BEGIN Exercise inputs
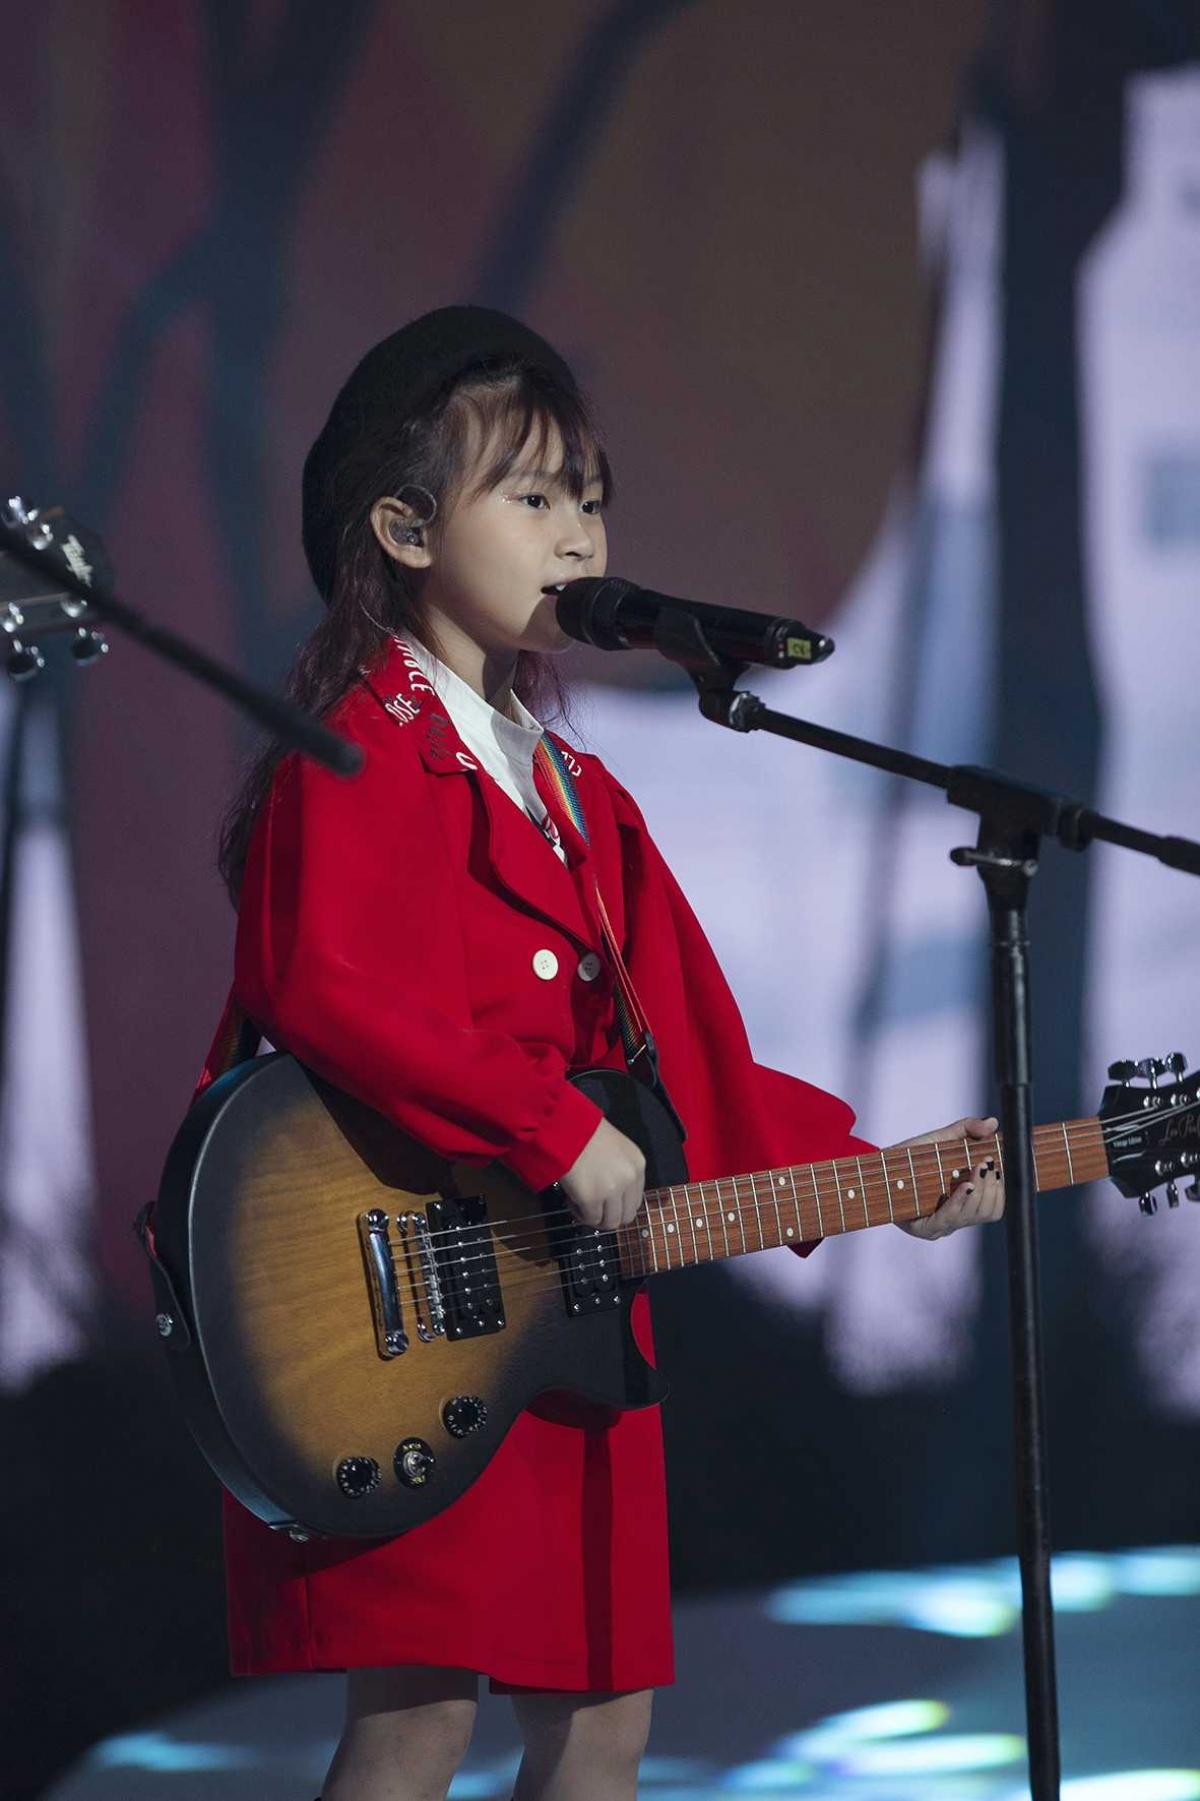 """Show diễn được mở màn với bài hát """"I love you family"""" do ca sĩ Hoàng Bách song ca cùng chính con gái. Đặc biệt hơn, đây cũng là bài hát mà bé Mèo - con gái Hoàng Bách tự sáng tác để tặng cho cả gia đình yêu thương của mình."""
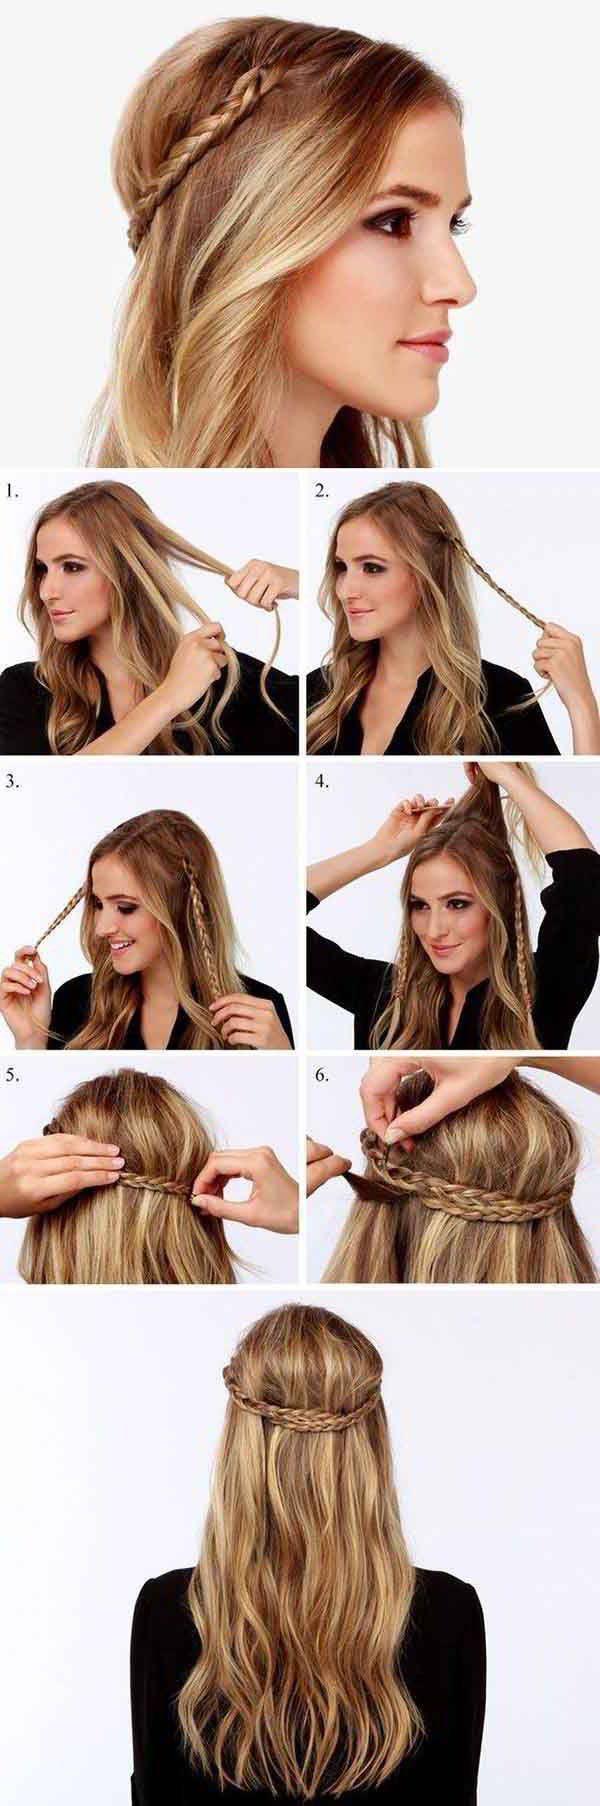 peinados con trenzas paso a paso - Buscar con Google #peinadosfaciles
END Exercise inputs
BEGIN Exercise inputs
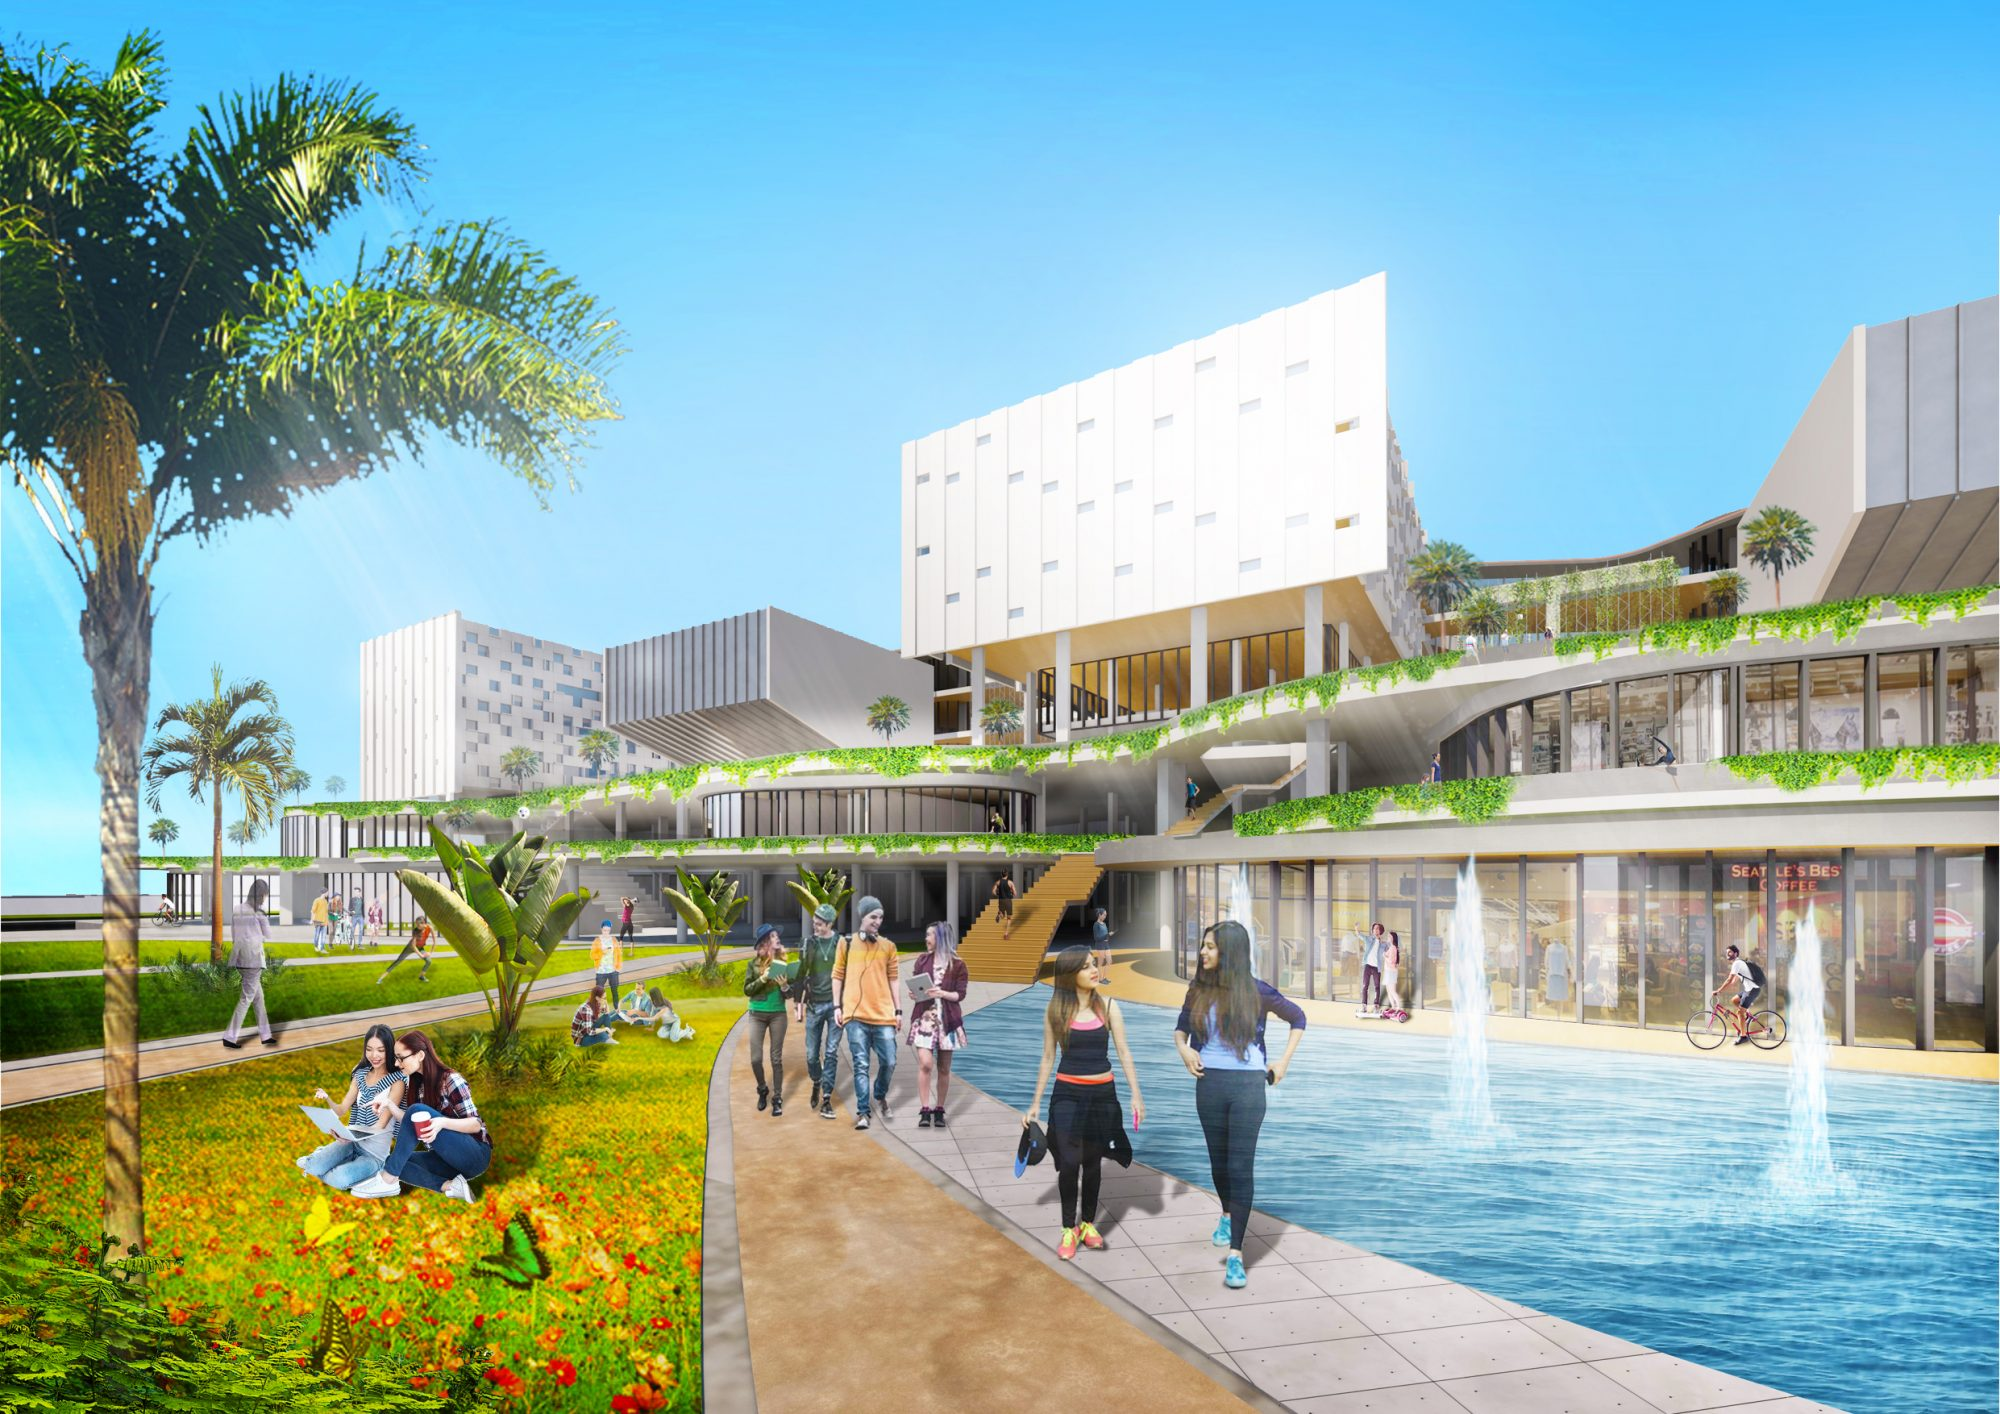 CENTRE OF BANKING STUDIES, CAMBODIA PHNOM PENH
END Exercise inputs
BEGIN Exercise inputs
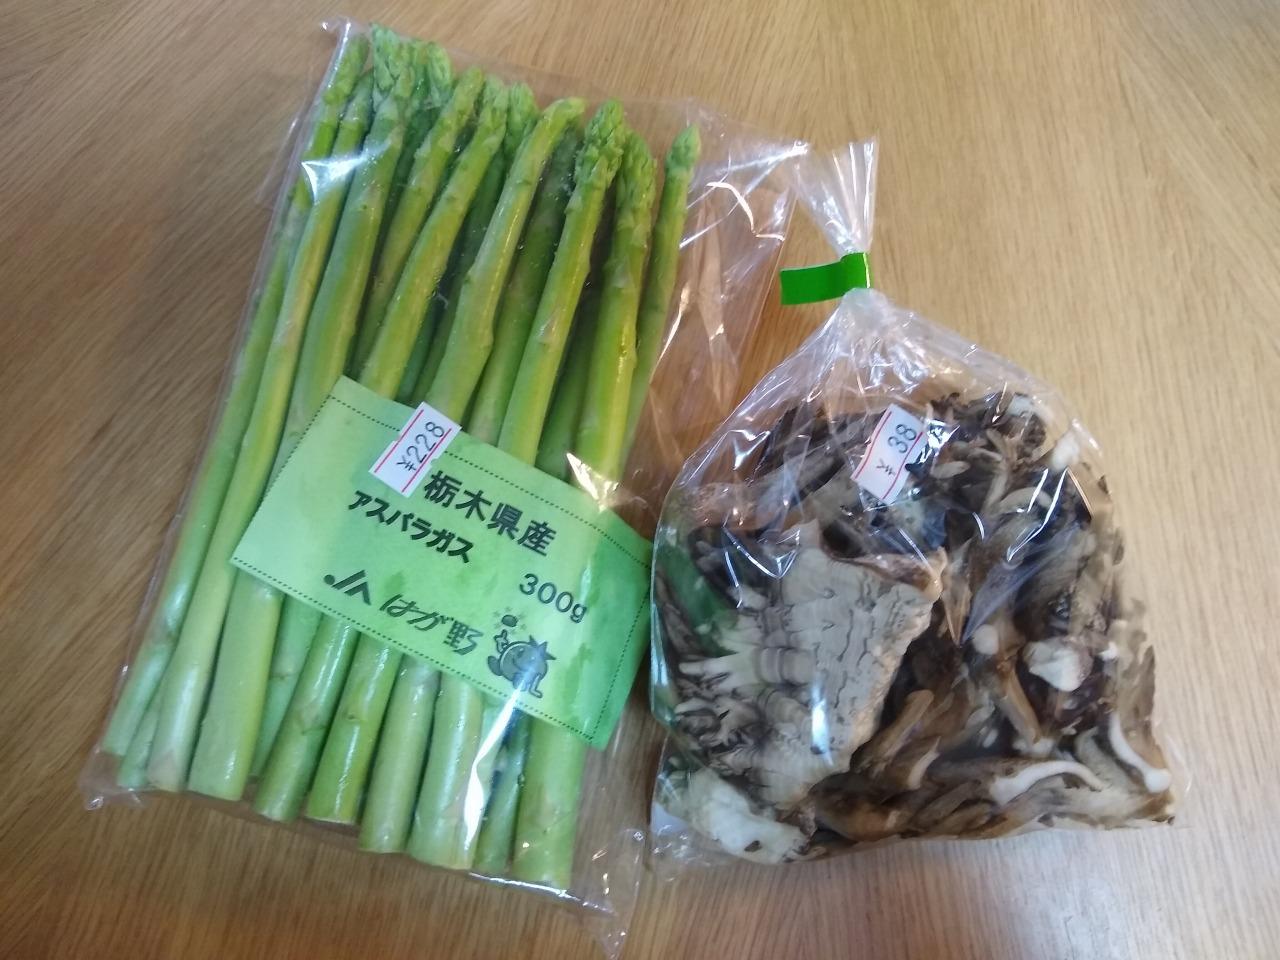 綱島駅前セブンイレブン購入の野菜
END Exercise inputs
Work instruction: Above are records; repeat only the lines from the line with "diễn được mở" through the line with "peinados con trenzas", and leave pictures out.

Result:
 """Show diễn được mở màn với bài hát """"I love you family"""" do ca sĩ Hoàng Bách song ca cùng chính con gái. Đặc biệt hơn, đây cũng là bài hát mà bé Mèo - con gái Hoàng Bách tự sáng tác để tặng cho cả gia đình yêu thương của mình."""
 peinados con trenzas paso a paso - Buscar con Google #peinadosfaciles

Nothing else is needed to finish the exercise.